Non so voi, ma io mi sarei anche stancato di parlare sempre solo di Berlusconi.
E Berlusconi qui e Berlusconi là, e Berlusconi Berlusconi Berlusconi.
Come se in Italia ci fosse solo lui, come se ci fosse un solo Berlusconi.
Mentre invece
ce ne sono altri cinque.
Ho una teoria #31, è sull'Unità.it, e si commenta lì.

Ci sono cascato un'altra volta. Domenica scorsa mi ero inventato un Berlusconi rinunciatario, disposto a una ritirata strategica sul caso Brancher. La mia, più che un'analisi, era una fantasia proibita, destinata a infrangersi alle luci dell'alba di lunedì. Berlusconi non molla mai, al limite manda al macello i suoi uomini. E questo ci porta a un altro problema. Se Berlusconi non riesce a darsi un limite, nessun altro ormai è in grado di imporglielo. Con un po' di tempo, e un bombardamento mediatico adeguato, SB può venire a capo di qualsiasi avversario o arbitro. Salirà al Quirinale, riscriverà la Costituzione: non ha più limiti, se non quelli che sono imposti a ciascuno di noi dalla natura. In effetti, SB non è più nel fiore degli anni. Questo in teoria dovrebbe provocare convulsioni ai vertici del suo partito, là dove sarebbe più naturale immaginare una lotta tra aspiranti papabili.

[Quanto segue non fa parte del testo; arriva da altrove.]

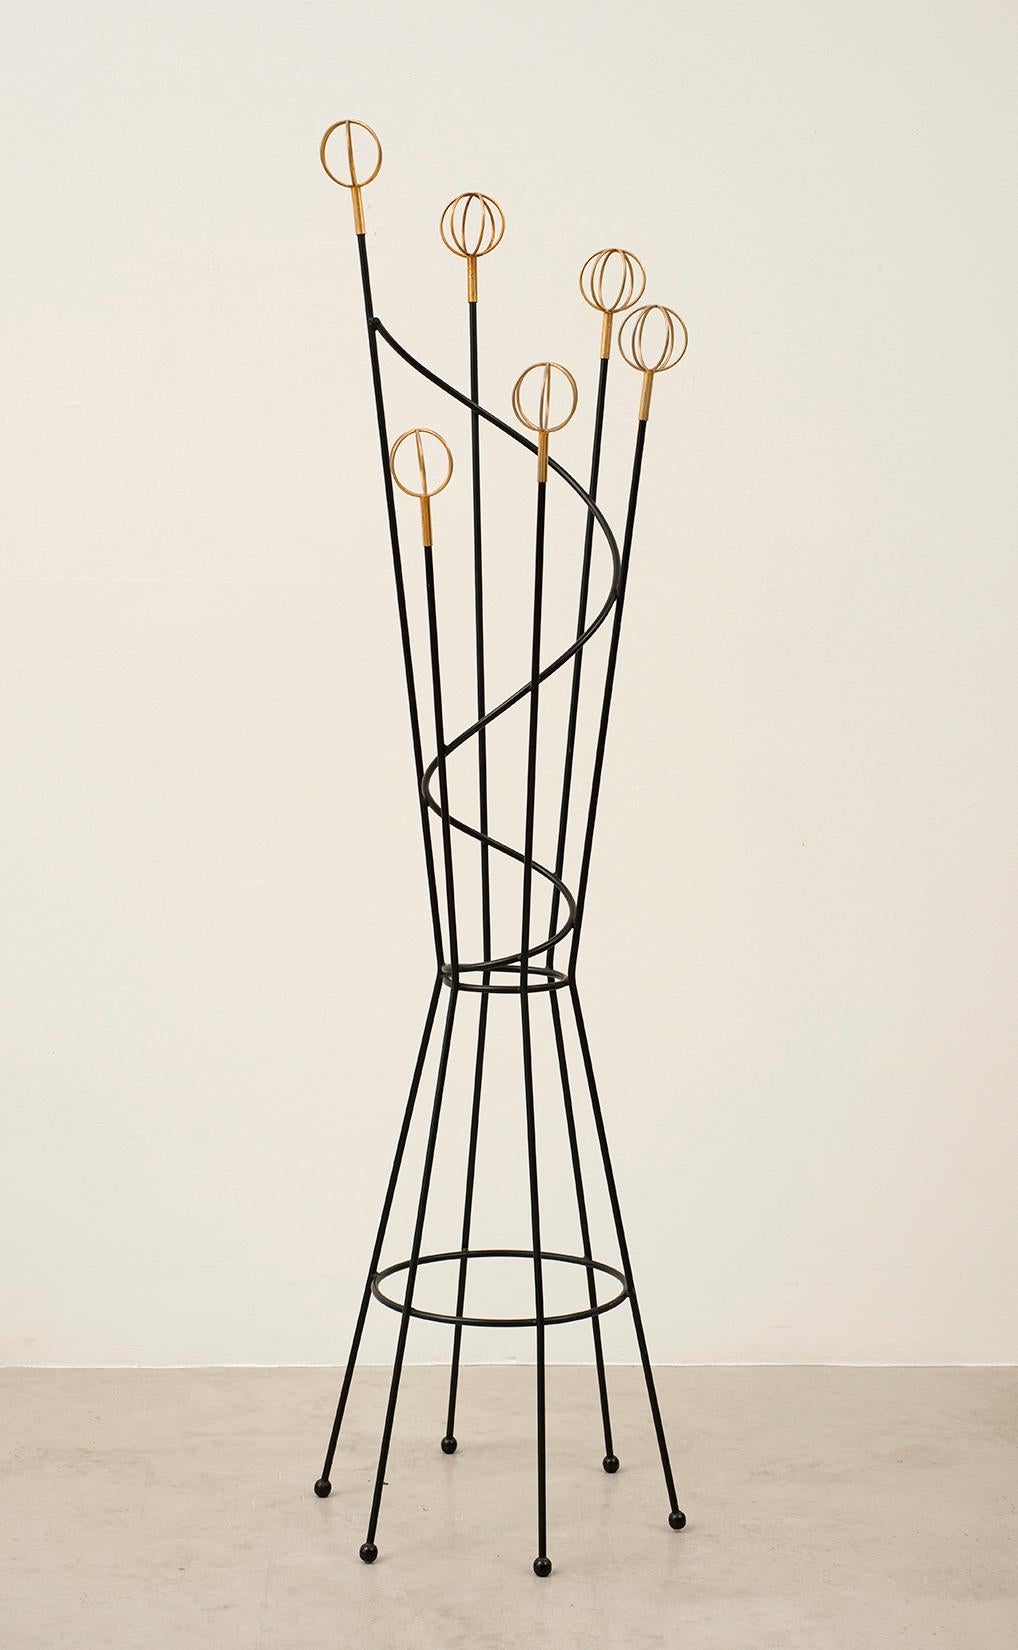 French modernist coat rack by Roger Feraud for Geo. In black lacquered metal with brass spherical finials. France, 1950s.

Ma come ben sanno le farfalle Fini e Casini, chi si avvicina troppo al ruolo di probabile successore è destinato a bruciarsi le ali. Berlusconi dal canto suo sostiene che grazie ai prodigi di Scapagnini arriverà fino ai 120 anni, o giù di lì: un modo per tranquillizzare i seguaci, che se non fossero abbagliati dall'astro di Arcore non faticherebbero a rendersi conto che dopo di lui c'è il diluvio. Estromesso Fini, chi resta? Solo figure di terzo piano, splendenti di luce riflessa, senza un grano del carisma di SB. Tremonti può piacere a qualche padroncino del nord, ma tagli o tasse lo renderebbero subito impopolare. Al Vaticano piace Casini, ma si è già visto quanto poco valga senza i voti di Berlusconi. Insomma, a tutt'oggi il dopo-Berlusconi è un salto del vuoto. Eppure non si tratta di un'ipotesi così remota. Presto o tardi SB non ci sarà più. Chi ne prenderà il posto? Indovinate un po', ho una teoria (e c'è da sperare che sia sballata come al solito).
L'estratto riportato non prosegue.